It is not easy to frighten a great white shark. But there’s a reason orcas are called killer whales – even though they’re, in fact, dolphins.

“What do people usually associate Orca with? We all think about Free Willy, the right? Or Sea World? And we think it’s cute and cuddly, and obviously very manipulative,” said Towner.

But orcas, like the great whites, are considered the apex predators of the ocean.

“They’re prolific hunters. They’re extremely efficient. They’re pretty savage actually, because they’re so good at what they do,” she said.
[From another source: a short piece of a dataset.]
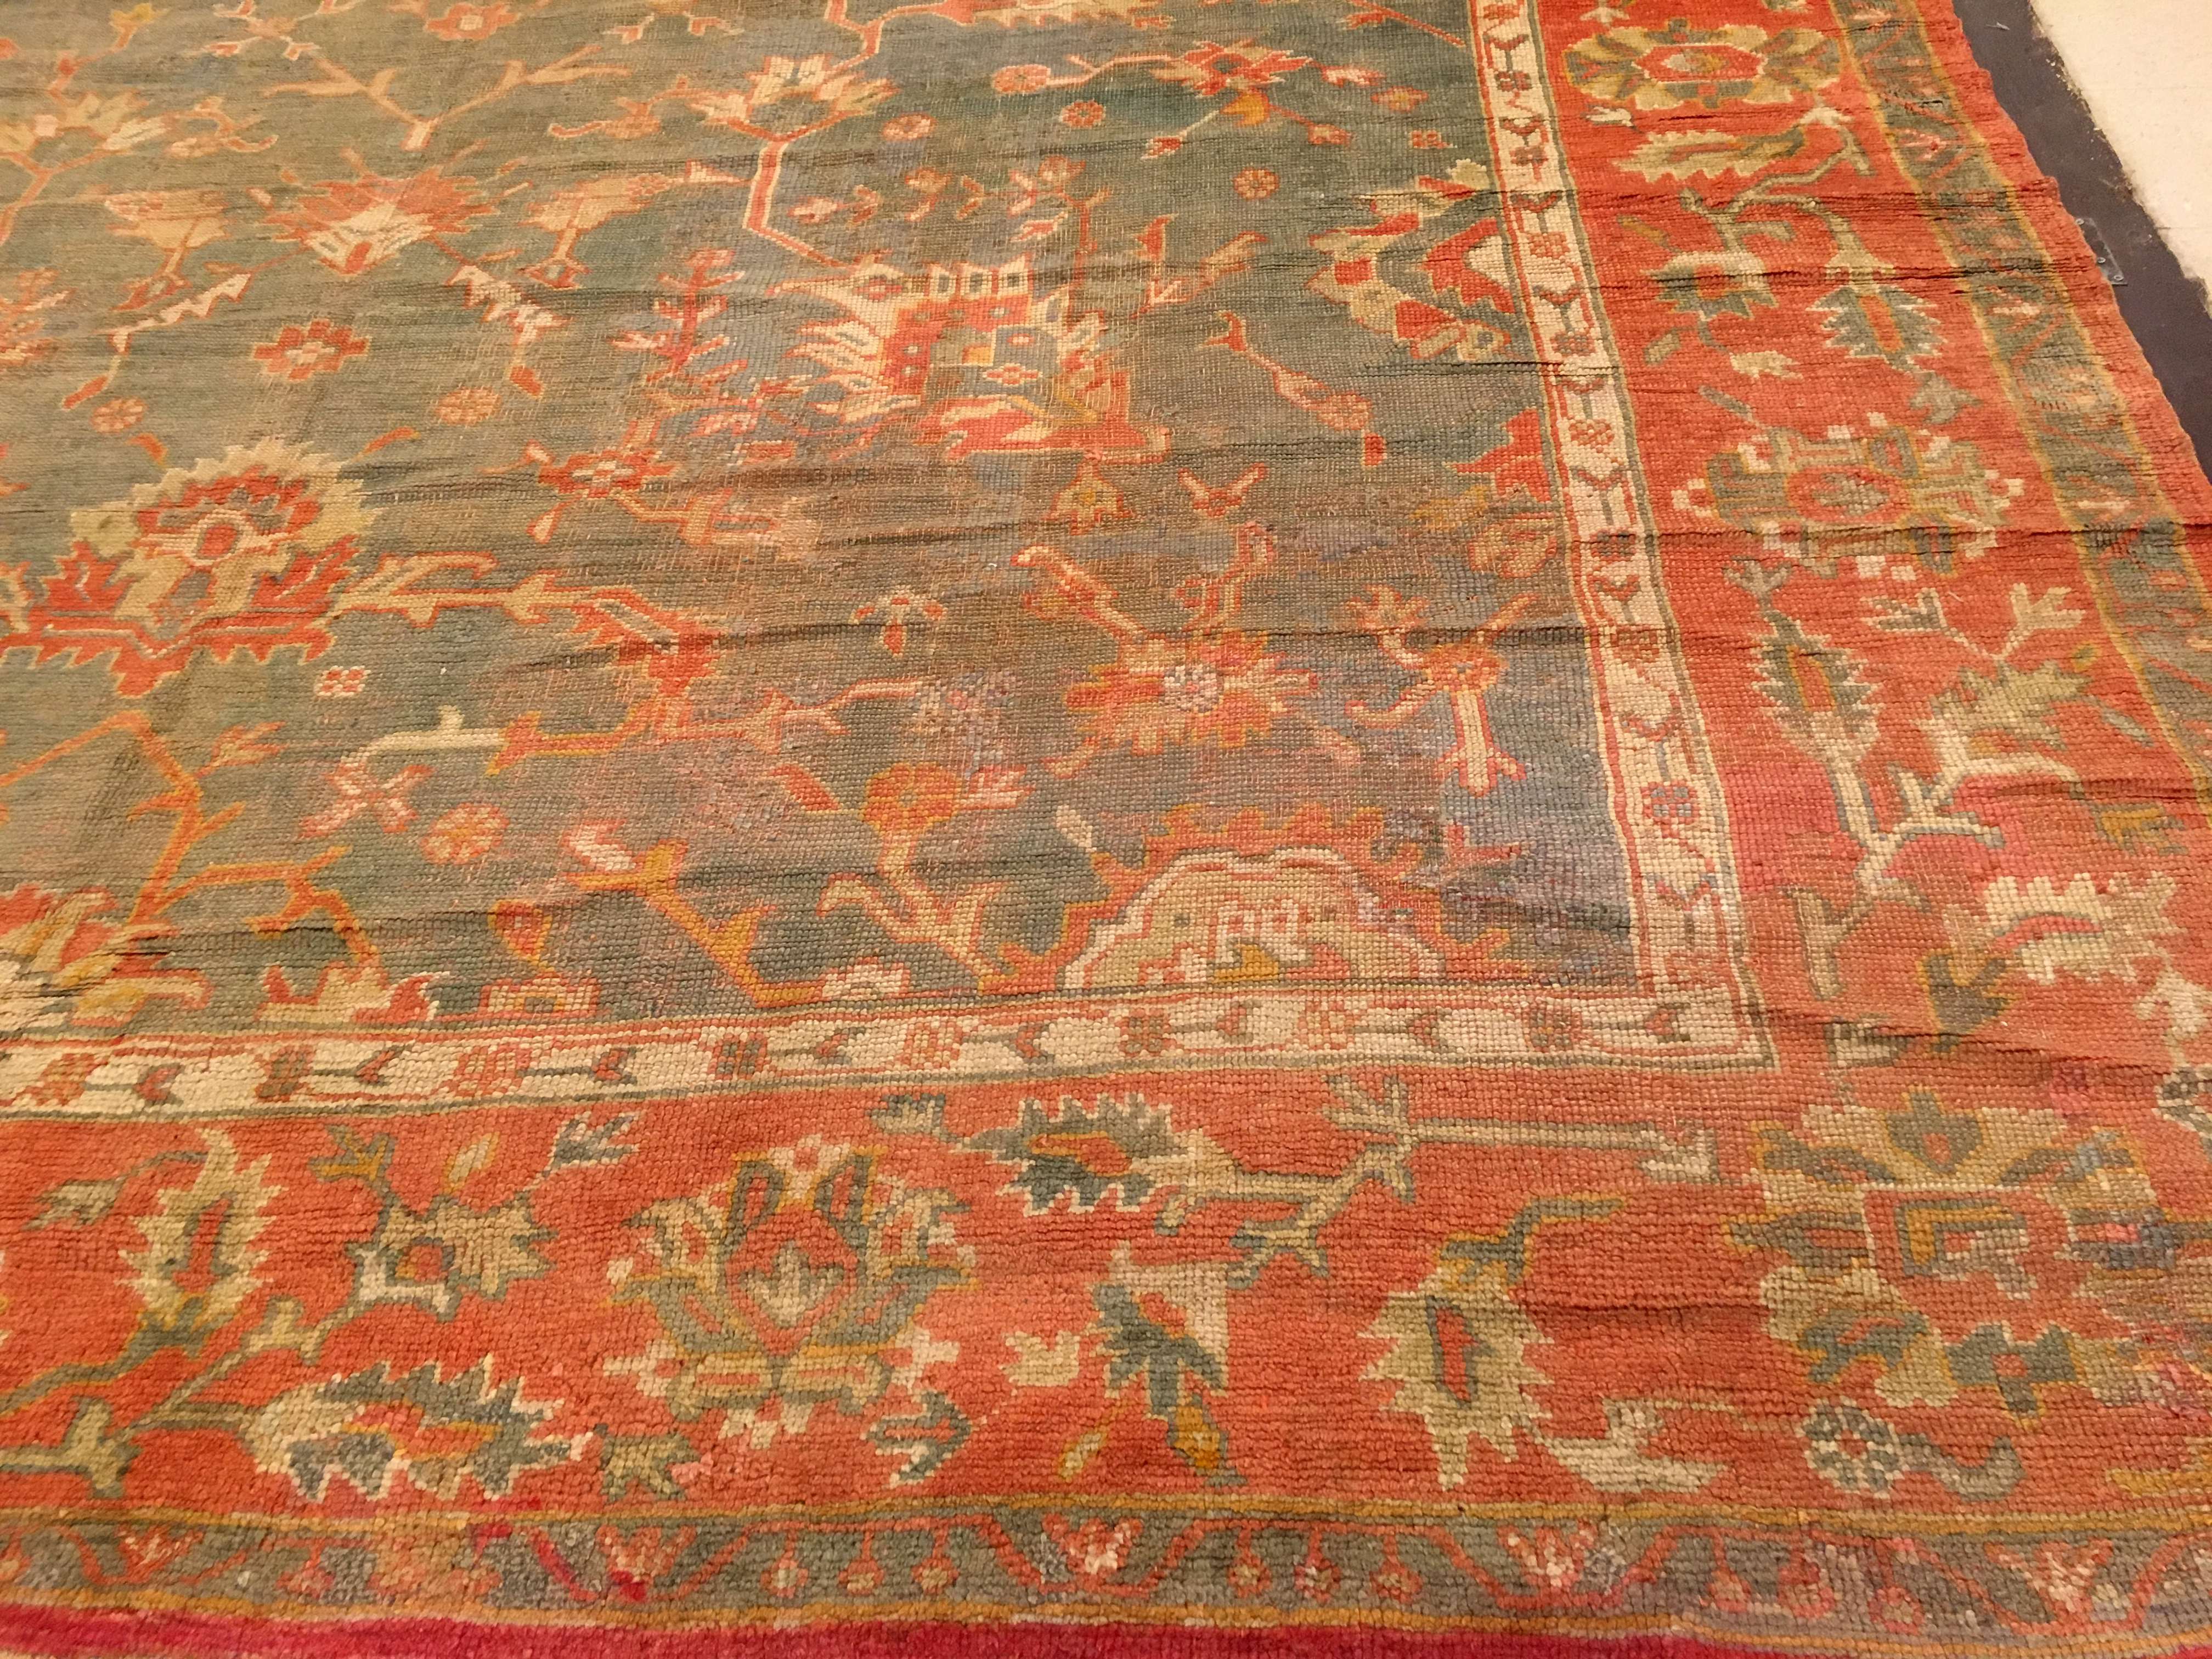 Antique oushak Carpet - # 53661

“White sharks have this extreme predatory role and they’re pretty scared. But now they’ve definitely been knocked off the top pedestal here.”

The head of a great white shark protrudes above the water, its toothy mouth wide open.
A great white shark swims in Shark Alley near Dyer Island in Gansbaai, South Africa. Deadly sea creatures, apparently no longer the top predators in this part of the ocean. (Ryan Pierse/Getty Images)

Josh D. McInnes, a marine mammal researcher at the University of British Columbia, who has studied Orcas hunt large mammalssays there are a number of possible reasons why Orcas are targeting sharks.

“Killer whales can kill great white sharks based on competition for resources, perceived danger to young calves in the shell or for food,” he told CBC in an email. in an email.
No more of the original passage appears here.